There is no exact data on how the re-legalization of abortion in the Soviet Union directly affected the Kirghiz SSR, it is fair to assume that it was similar to the rest of the central Asian republics: most of them denouncing abortion due to it being incomparable with Islamic belief. The Kirghiz SSR was predominantly Muslim, which considers abortion as Haram.

=== Independent Kyrgyzstan ===
Since the dissolution of the Soviet Union, the rate of abortion in Kyrgyzstan has declined 66%, decreasing from 90 abortions per 1,000 women in 1990 to just 31 as of 2021. The country is a member of the Organization of Islamic Conferences, and is one of the few members to allow unrestricted abortion. 2015 research by the Ministry of Health of the Kyrgyz Republic put the figure of abortions per 1,000 births at 140.6.

While abortion is legal in Kyrgyzstan, due to the prevalence of Muslims in the country, many doctors have expressed concern about performing such operations. One female doctor in Osh told a researcher with the University of Minnesota said that she no longer counsels women about abortion options, nor does she perform them as "she now feels afraid to do so." Most women face social pressure to not get an abortion, due to the rising influence of Islam in the country.

== Laws ==
Abortion is not mentioned in Kyrgyzstan's constitution, although it does state that women and men will have "equal rights and freedoms and equal opportunities for their realization."

The official law on abortion, called the Law on Reproductive Rights of Citizens, legalizes abortion on a number of cases. It states in part that technology must be developed to help protect reproductive rights, and that abortion should be provided in the event that a woman wishes to terminate her pregnancy.

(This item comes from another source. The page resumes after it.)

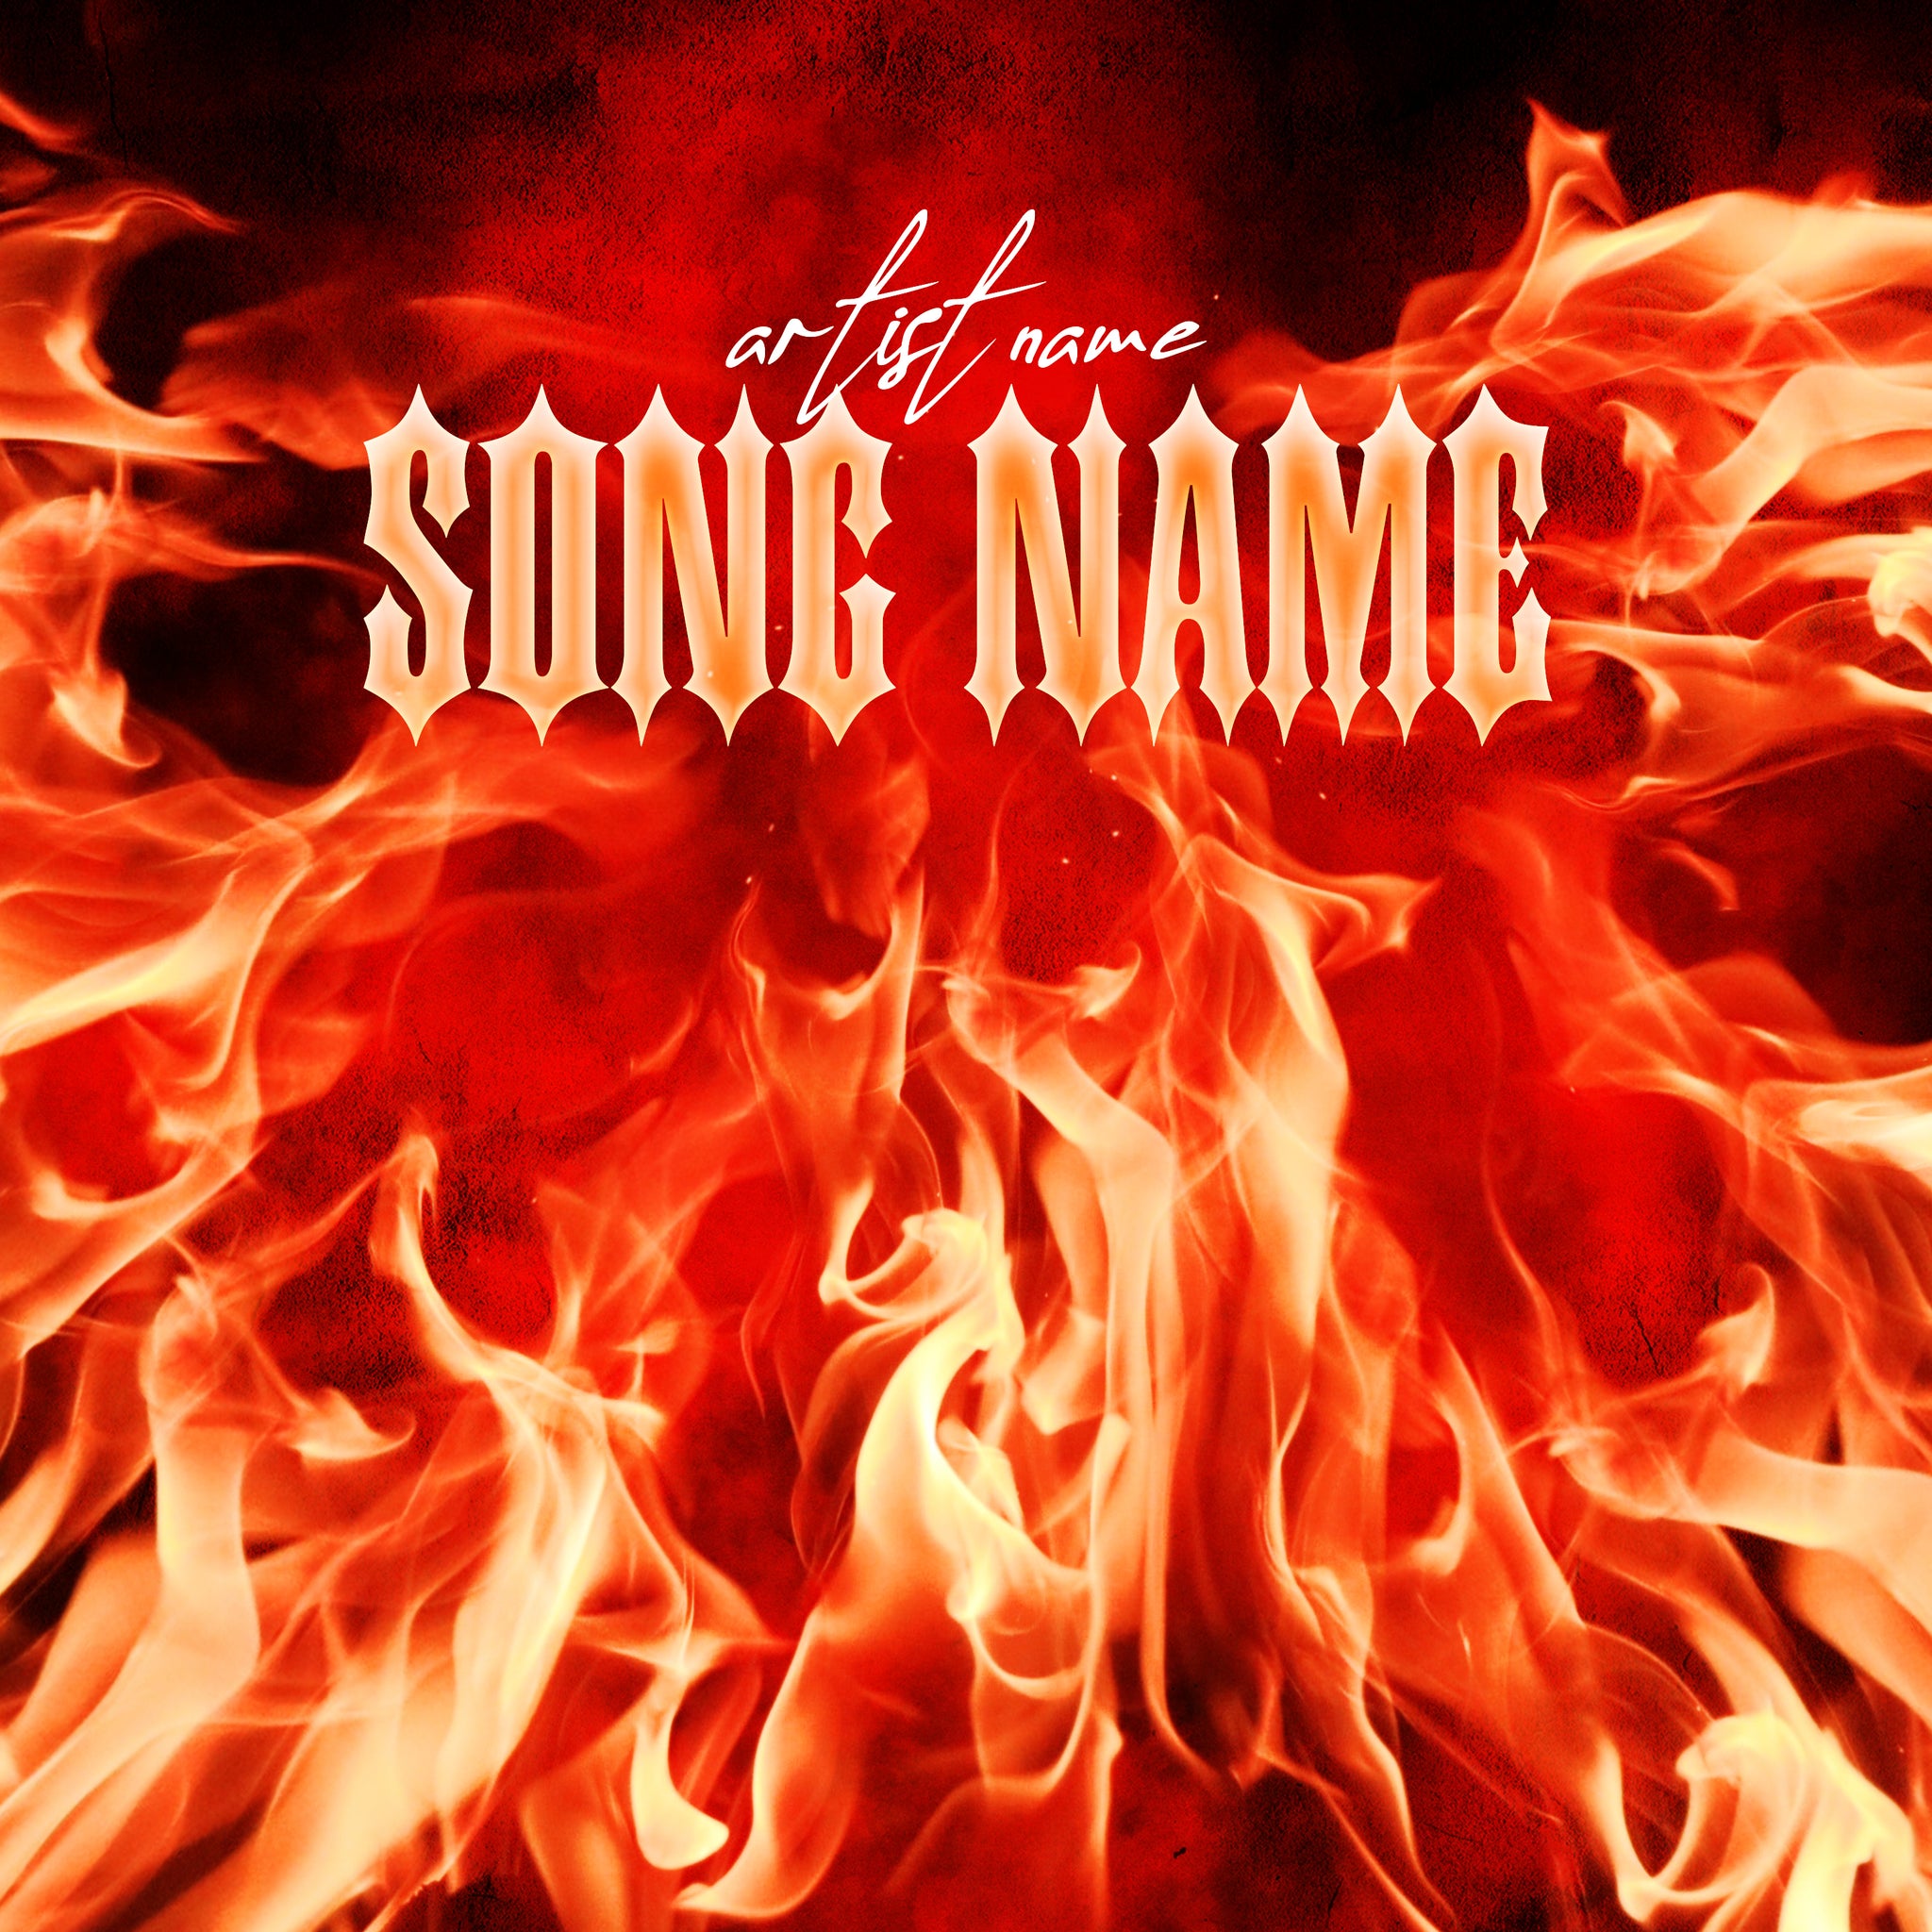 Cover Art On Fire
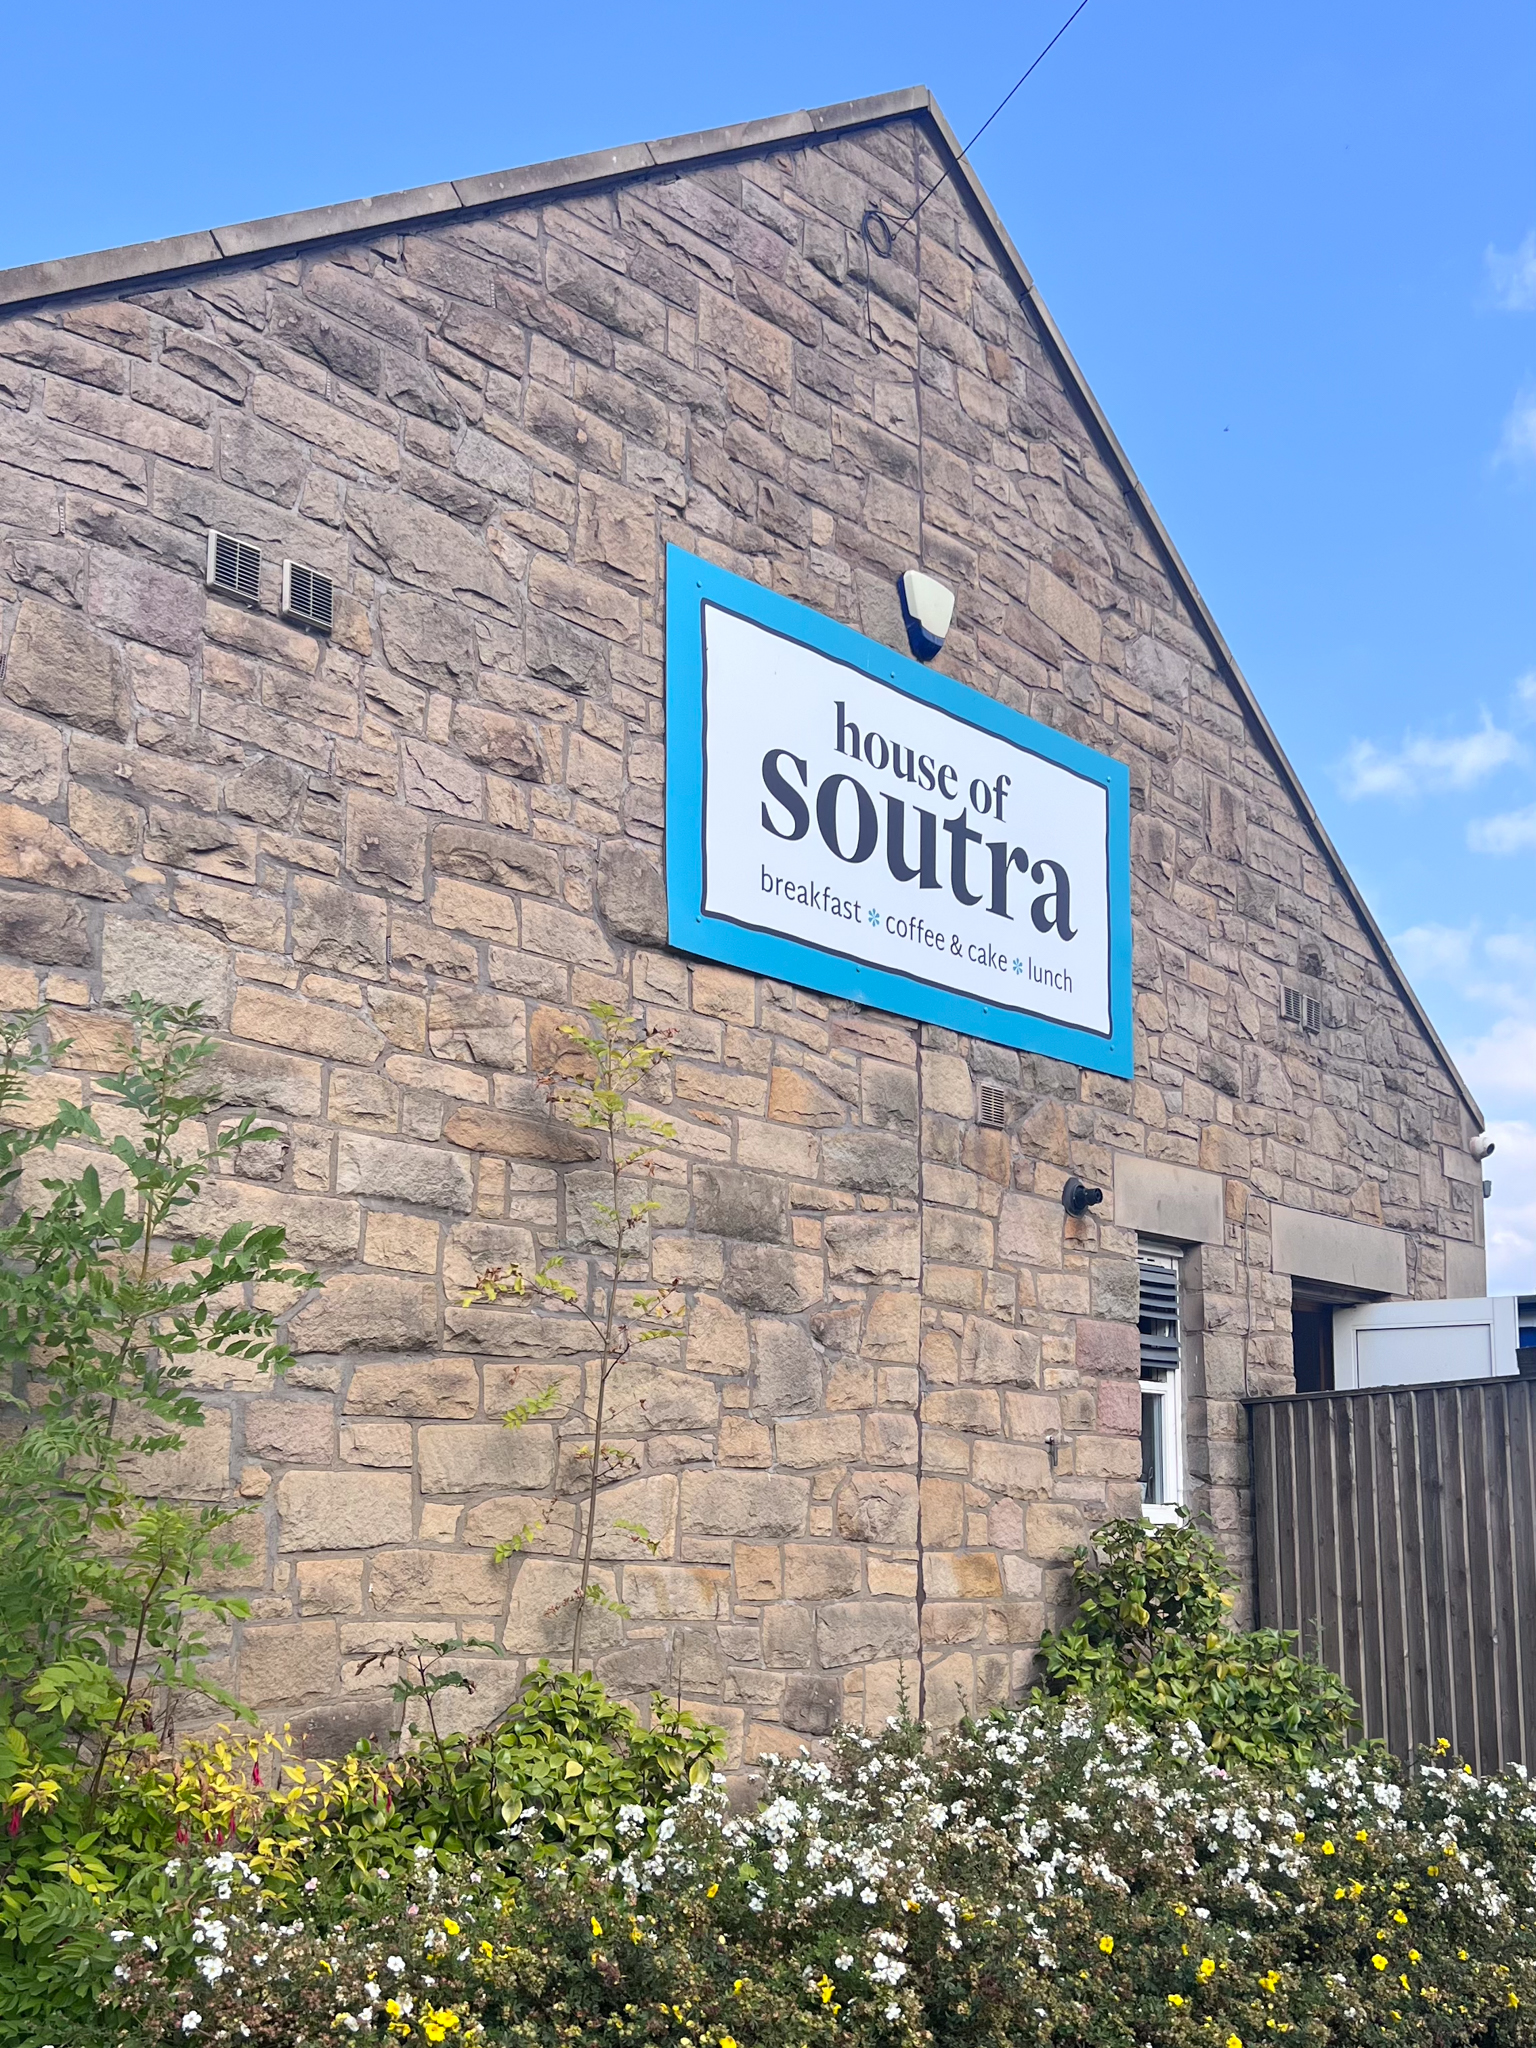 Front sign of House of Soutra

According to the United Nations, abortion is legal in Kyrgyzstan in cases of saving a women's life, saving her physical health, and saving her mental health. The same report states that the rate of abortion in Kyrgyzstan per 1,000 women is 12.4 as of 2011. A majority of the population, however, views abortion as immoral. Kyrgyzstan is a Muslim-majority country, and thus the social ideas of the population are shaped by the religion.